Well of course I then had to ask what he thought of me, even though I was dreading what he would reply, but he simply said he was too tired to talk (it was around 3/4 in the morning) and that he would tell me why he thought I was a prick tomoz.
Well its tommorow...but Im not sure if I should ask him why he thinks I'm a prick...
I tossed a coin, and it told me to ask him.
I dont think I fancy him anymore but he now knows that I did fancy him (I may of confessed that on the frech trip aswell) , so im curious about what he will say and if it will have anything about me fancying him.
grr someone help please?

Tuesday 15 December 2009

Larger than life

I'm not really sure how to start or what even to write about...
i'm not even sure if anyone will even read this
I mean, why would they?
I am sure of three things though-
1. I am a weak, stupid person who really doesn't deserve to live
2. I don't really feel like I have a reason 2 live anymore
3. I feel alone and empty (even though I am stuffed full of crap at the moment)

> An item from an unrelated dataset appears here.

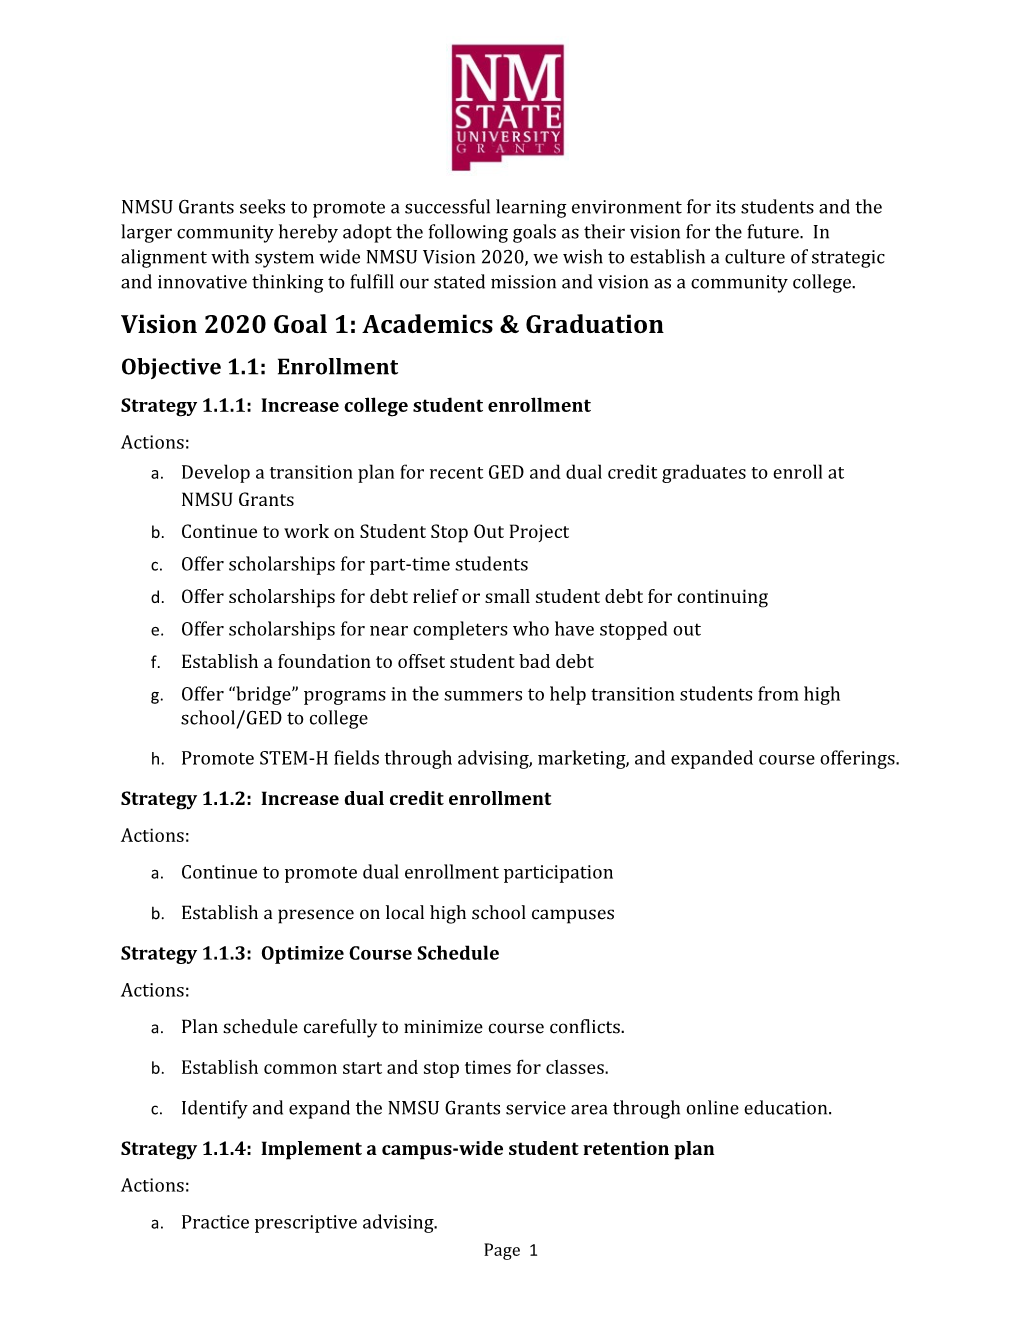 Vision 2020 Goal 1: Academics & Graduation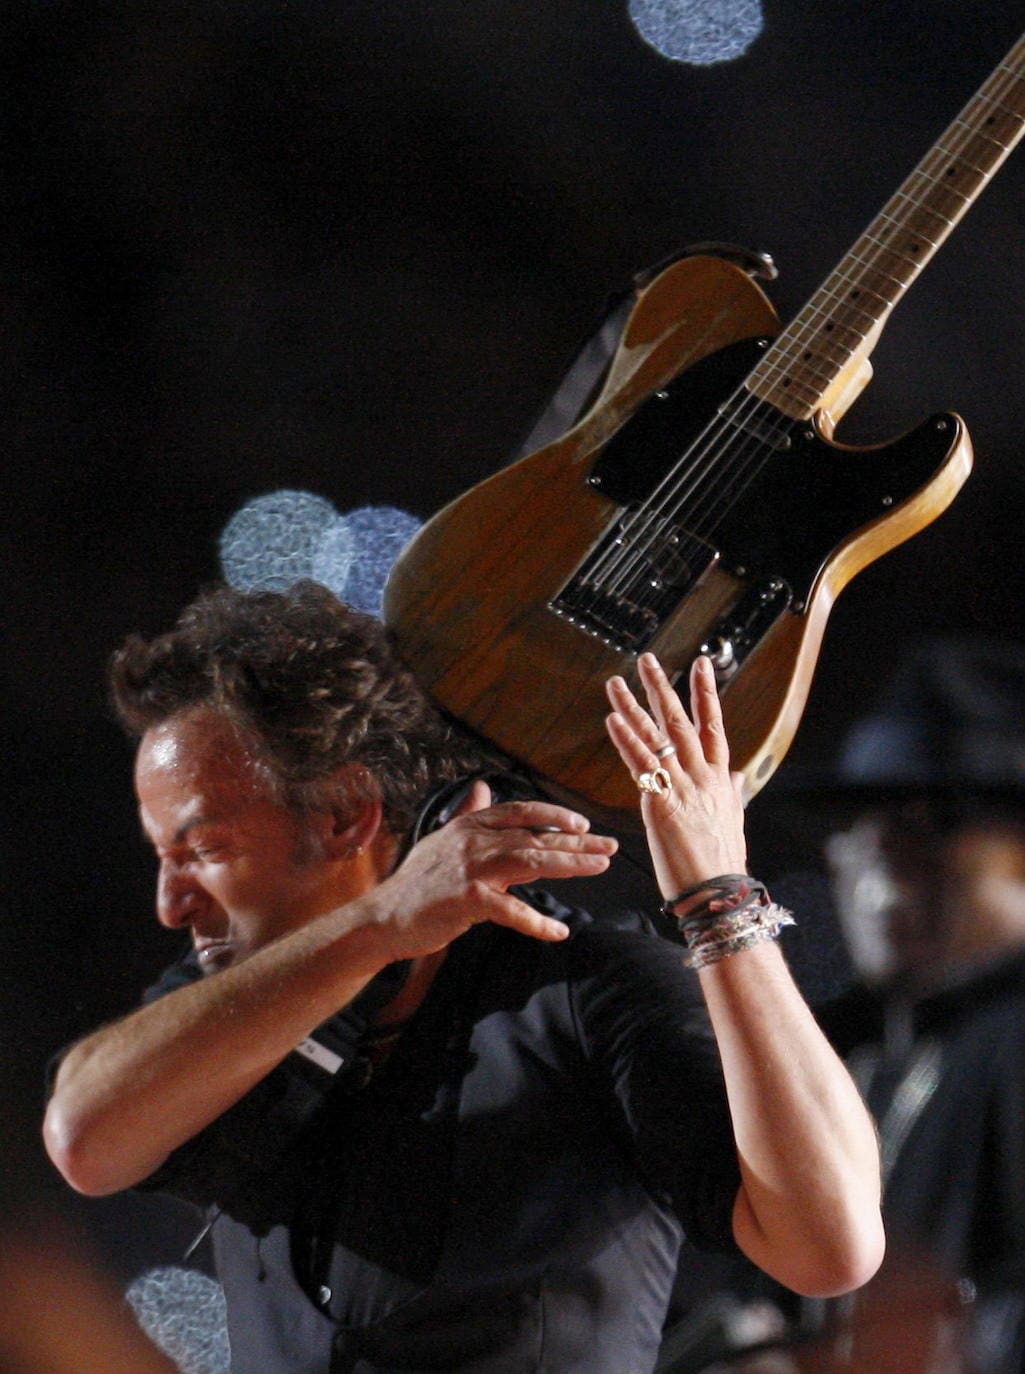 Bruce Springsteen entra en la tercera edad con la vitalidad de un joven rockero. Sus canciones y conciertos han colocado al artista américano en la cima mundial de la música.

My name is Lorella. Larger than life Lorella the kids at school would chant to me in the playground. Jabbing their fingers into my spongy skin and leering at me as they crowded round in large circles, viciously taunting me about the very thing I have grown to despise. My body.
I'm now 15, living in the uk and attending a catholic school, though god knows why because a.I'm not catholic or even christian and b.God fuking hates me because I let him down alll the time.

Today I did an hours excersize of stretching and dancing. I've always wanted to record a video of myself dancing and stick it on youtube or something like that. Im 90% possitive it would be a hit, as sad depressed people would watch it to boost their happiness and confidence - anyone would feel more confident about themselves after watching me madly jump around like a bowl of pink wobbly jelly.

After that I played on the wii fit. And then I played tennis for an hour. AND THEN...i ate.
I couldn't stop the white bread and humous being shoved into my mouth, I felt out of control and crazy. Even my mother was looking at me wide eyed, like I was some kind of wild savage animal that hadn't been fed for days. Next came a meal my mother cooked me and then i grabbed a large jar of nutella type stuff (but without the nuts because I am highly allergic to them), and I ate it straight from the jar- shovelling mouthful after mouthful into my greedy gob and not stopping until I had litteraly scraped the last remaining bits of chocolate out of the jar.
I literally repulse myself down to the very core of my body.
Why am I so fucking weak? Its like I can last through the day perfectly well, but then when the evening comes I am so hungry my body just goes into automatic and my brain doesn't even have time to think before I realise what Im doing.

Im setting myself a new goal, something I hope I will be good at. Instead of pushing myself to be a stone lighter every week which is soo impossible for me, I am going to tackle the things that cause me to binge eat and therefore put on weight. I use to be addicted to Millies cookies smoothie drinks and biscuits, I would literally have 5 biscuits and around 2/3 drinks per week. I was a total Millies addict. The one day I told myself that I HAD to stop having anything from Millies cookies. And that was that. Now I have not had a single drop of drink or a single crumb of a cookie from that place in like 4 months.
My new goal is to cut out white bread until I have lost 7 pounds. Once I have reached my aim weight I can start eating it again is small proportions. Tomorrow I am going to set anyother new goal until I am cutting out everything that i binge on, at least it is something that will cheer me up.